Your objective. Every line of the data below must be output exactly, with images left out.
── Source material ──
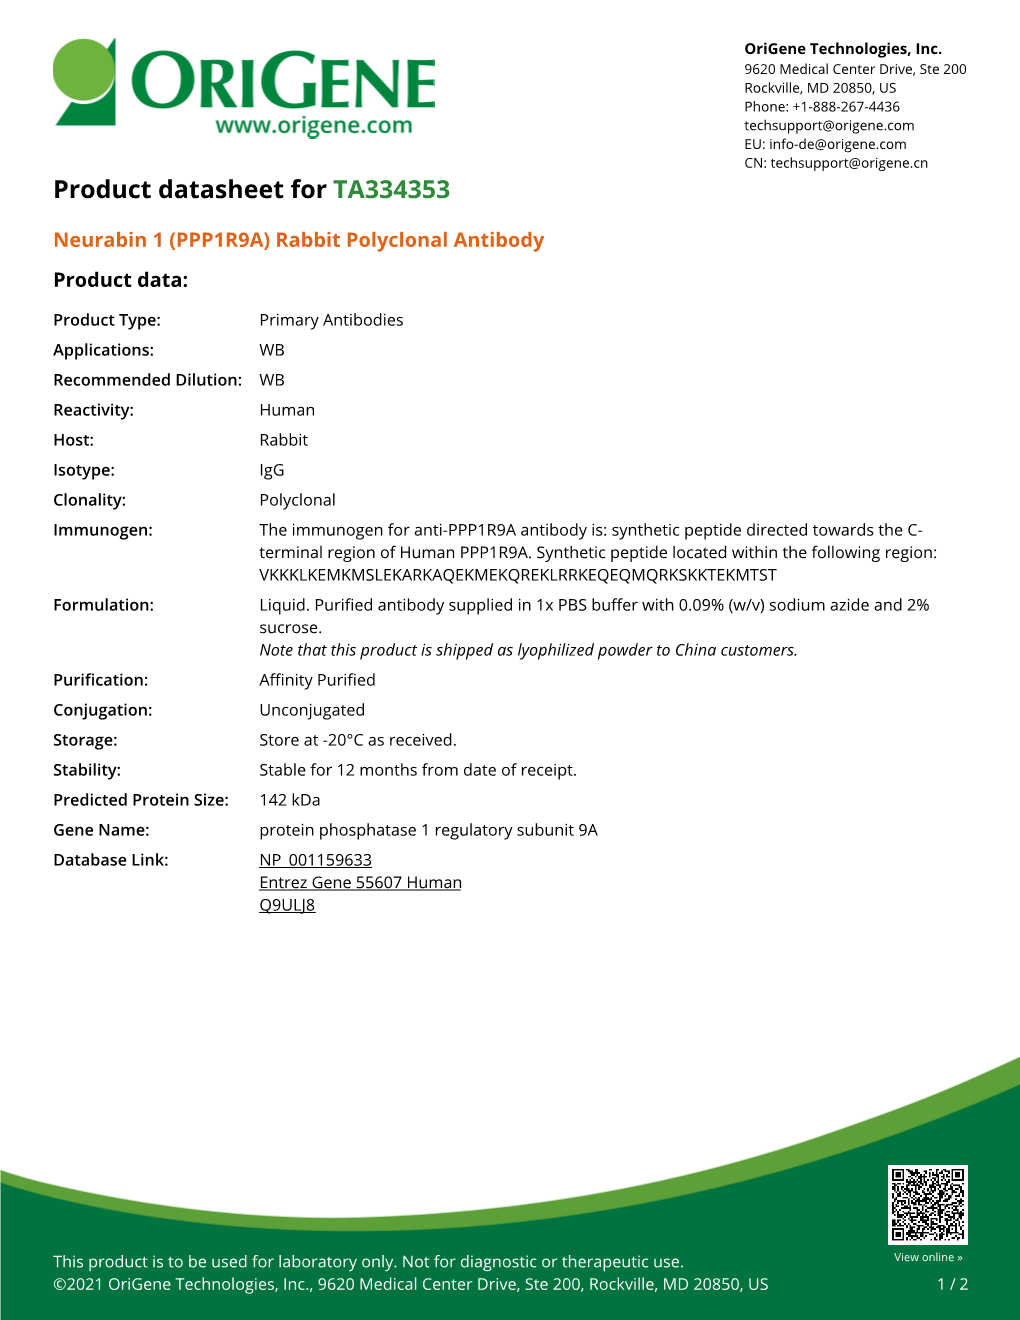 Neurabin 1 (PPP1R9A) Rabbit Polyclonal Antibody Product Data
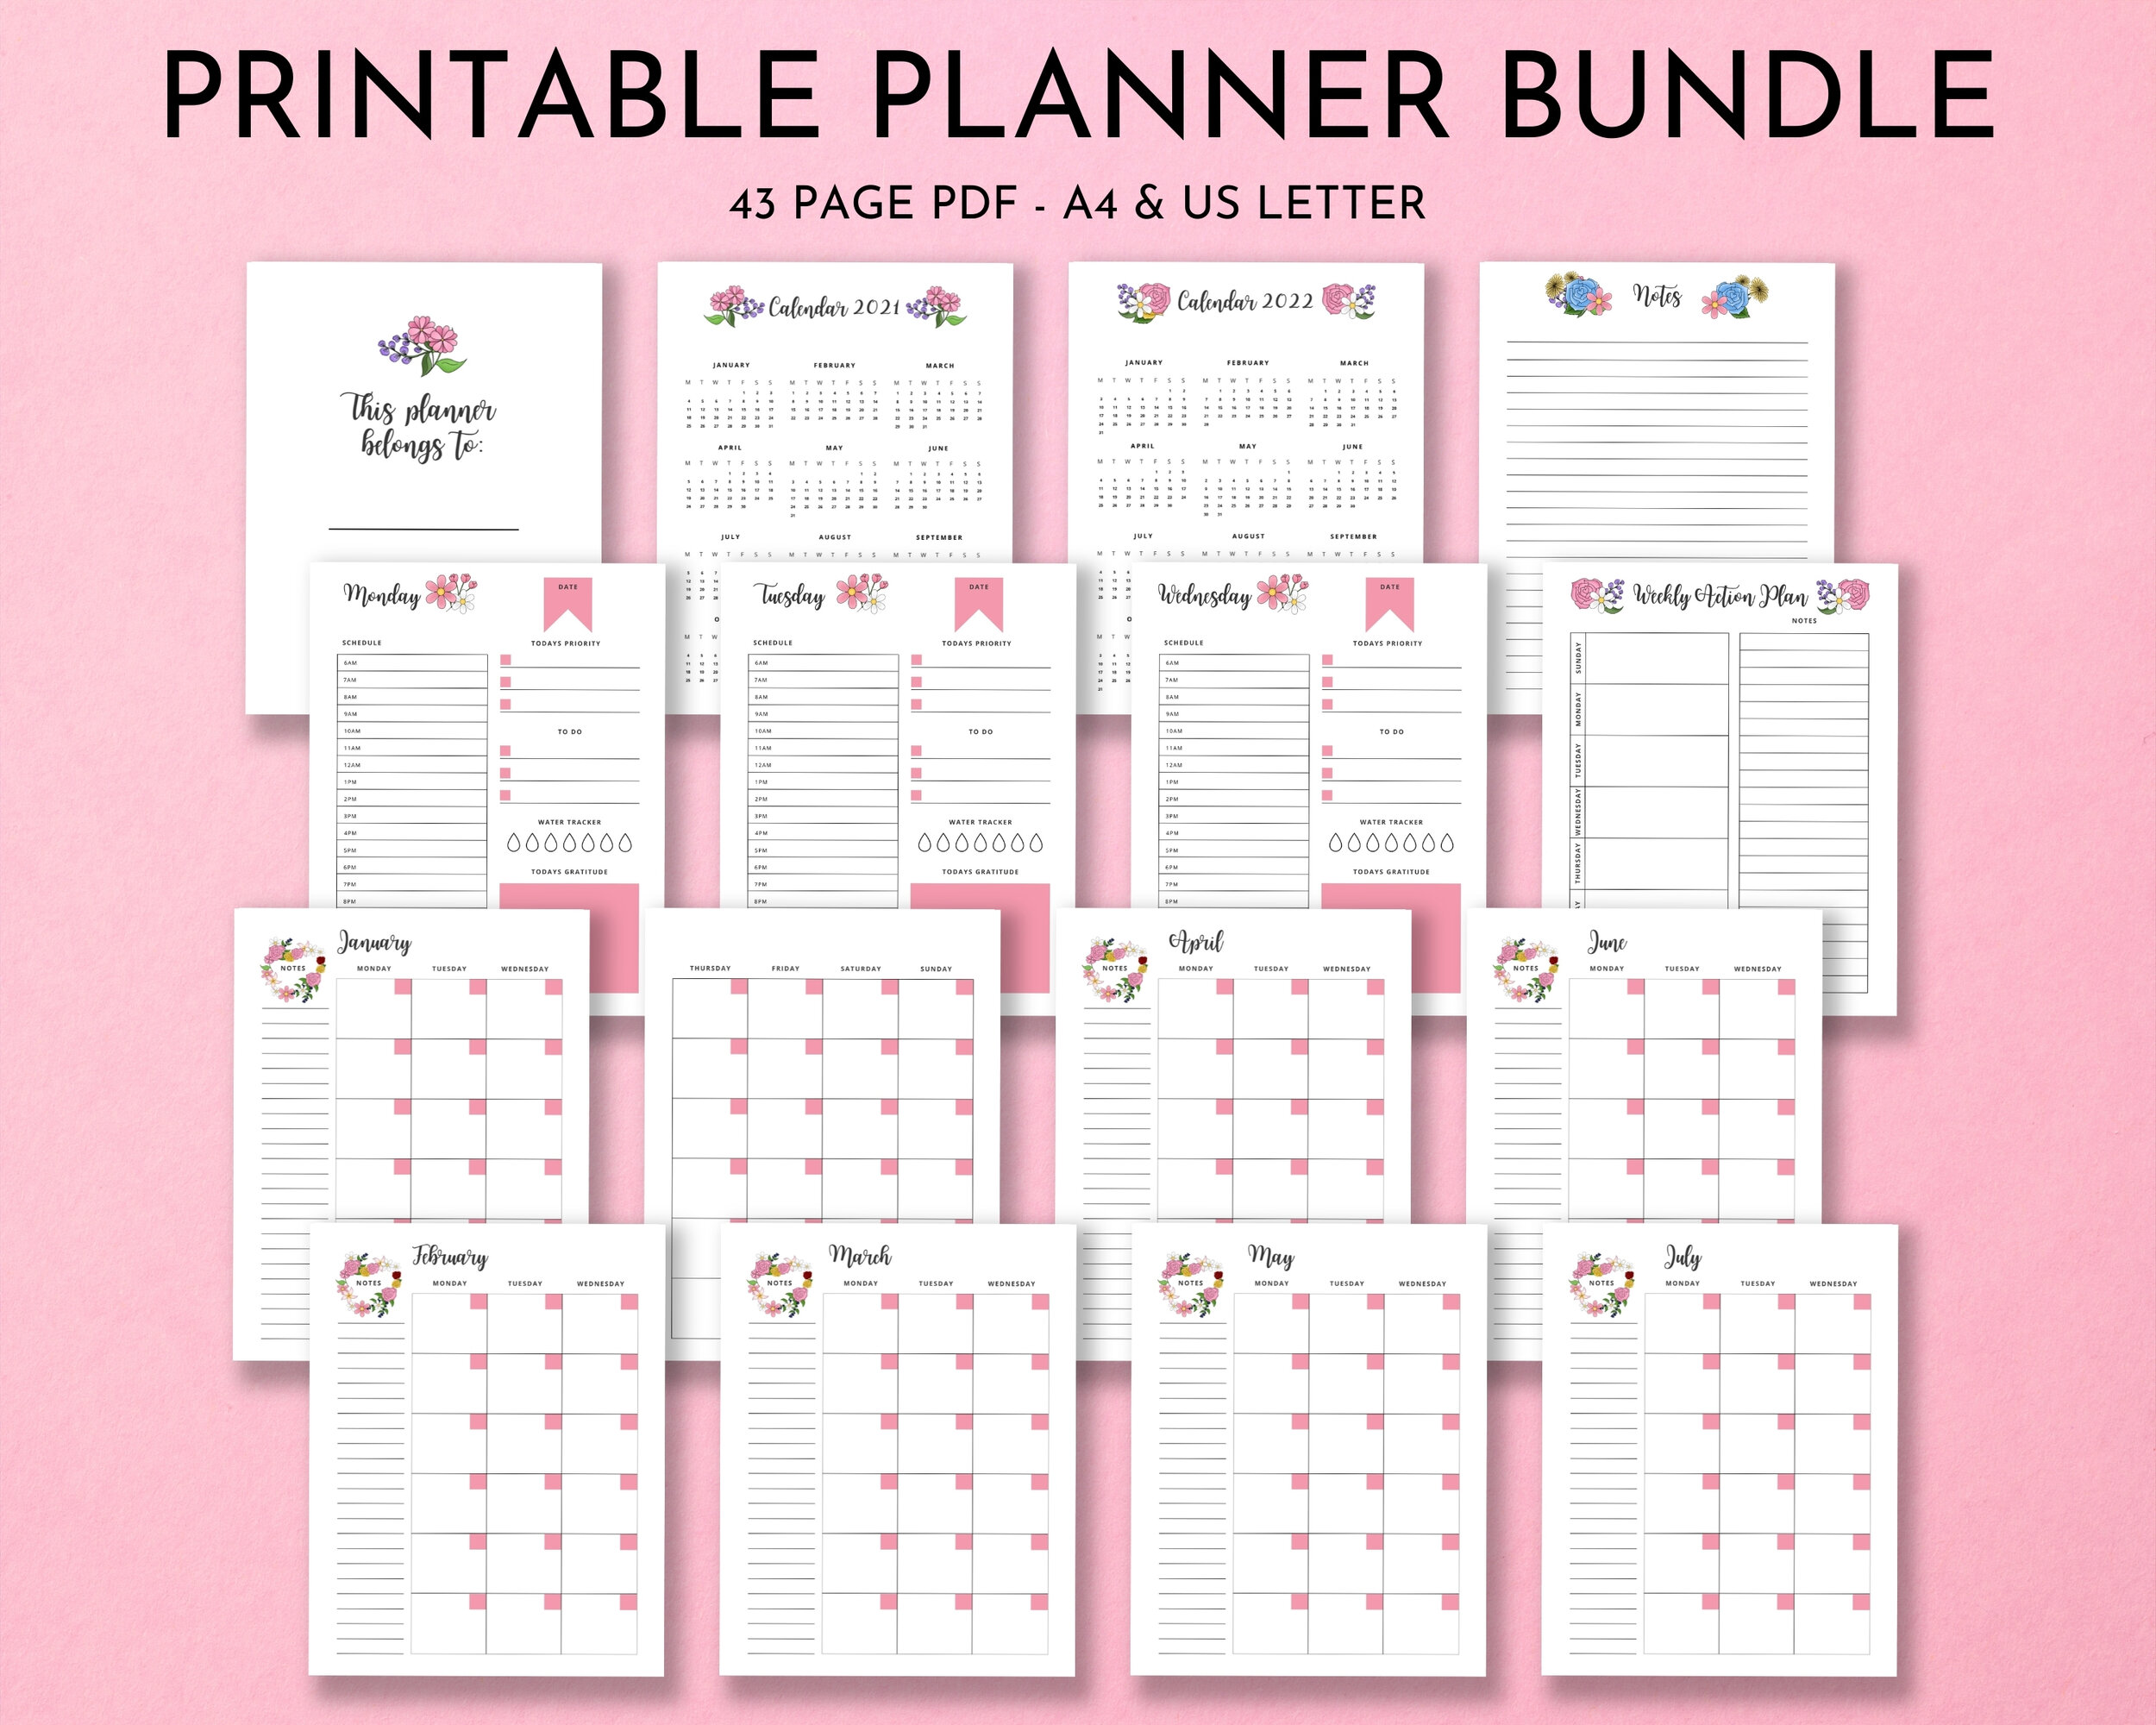 floral printable planner bundle example pages.jpg
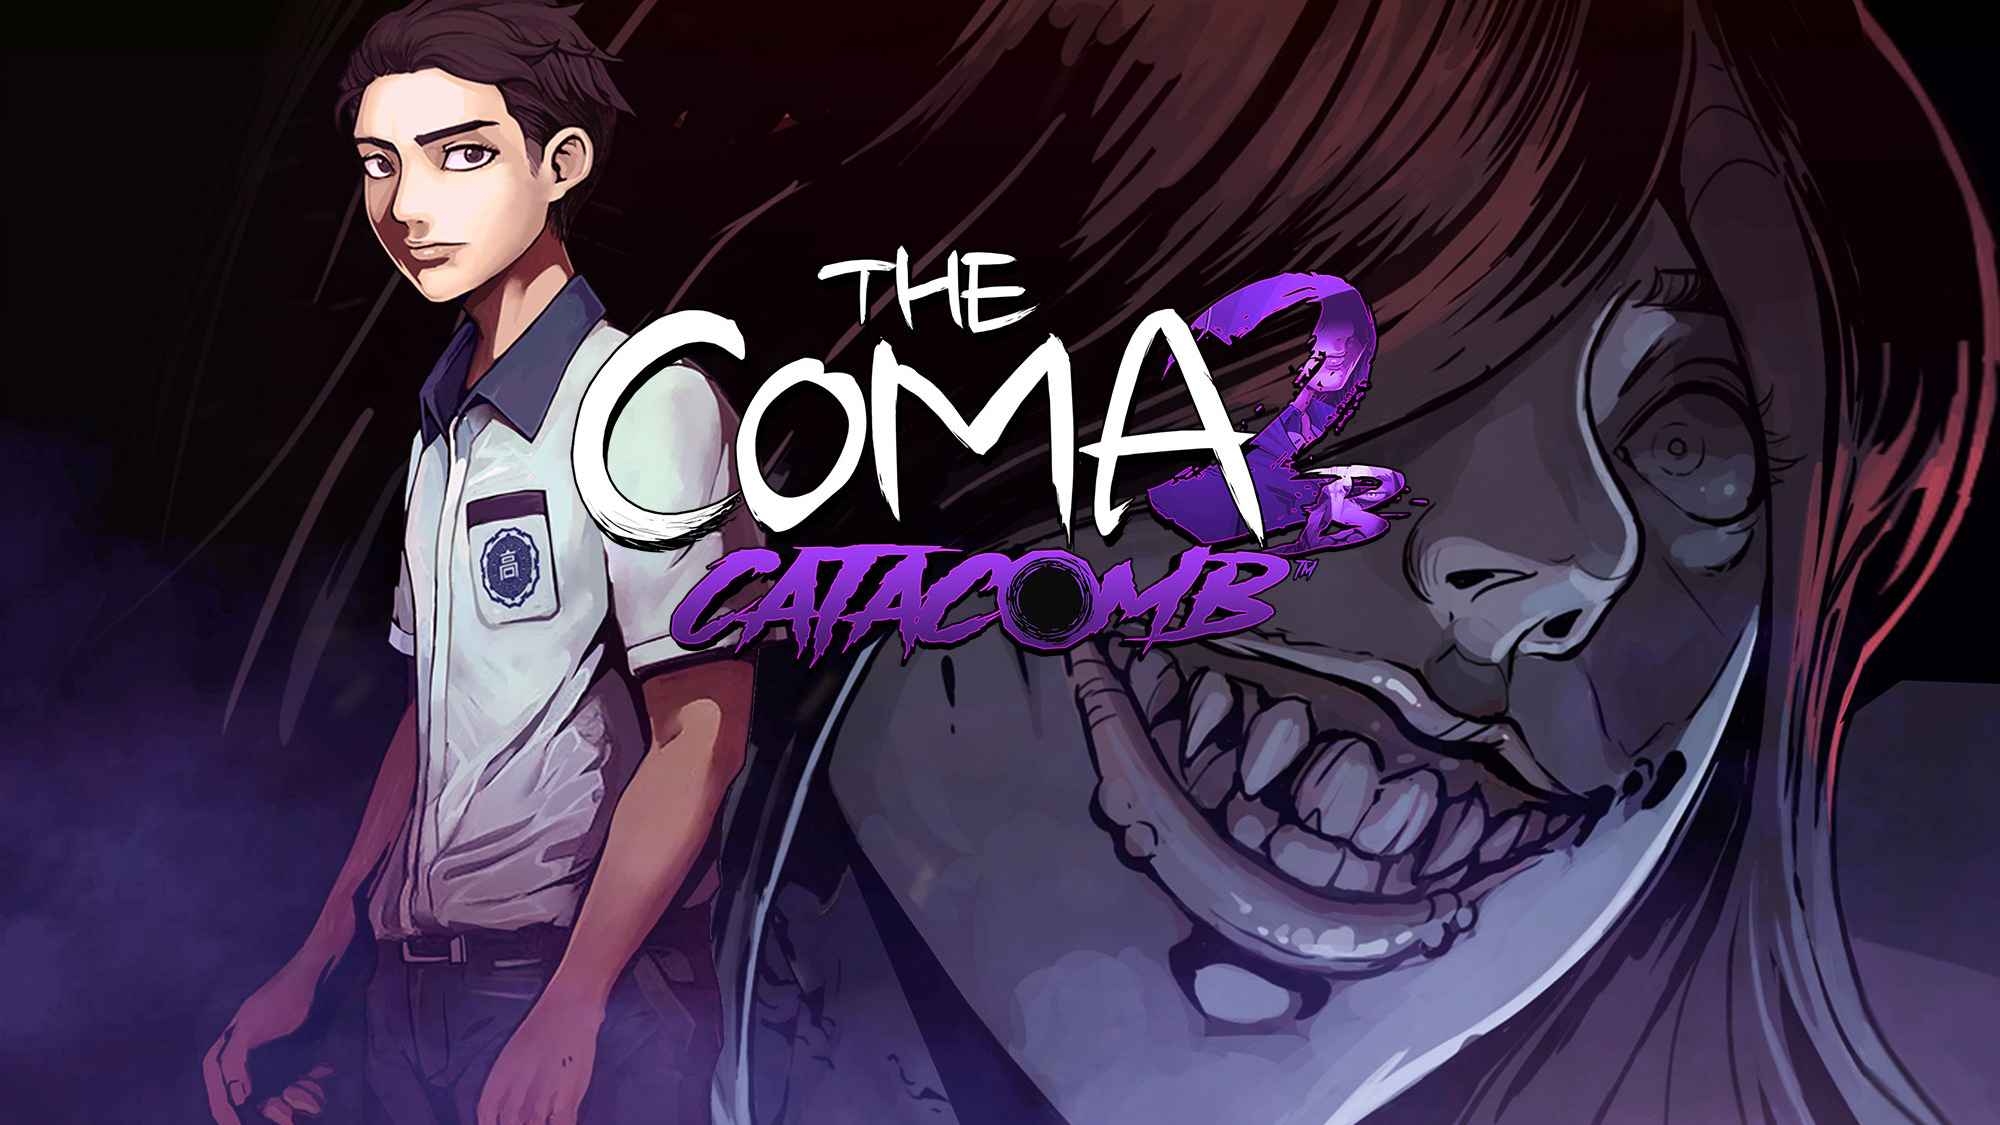 Headup Publishes The Coma 2B: Catacomb From Dvora Studio
───
Answer box.
 Neurabin 1 (PPP1R9A) Rabbit Polyclonal Antibody Product Data
 floral printable planner bundle example pages.jpg
 Headup Publishes The Coma 2B: Catacomb From Dvora Studio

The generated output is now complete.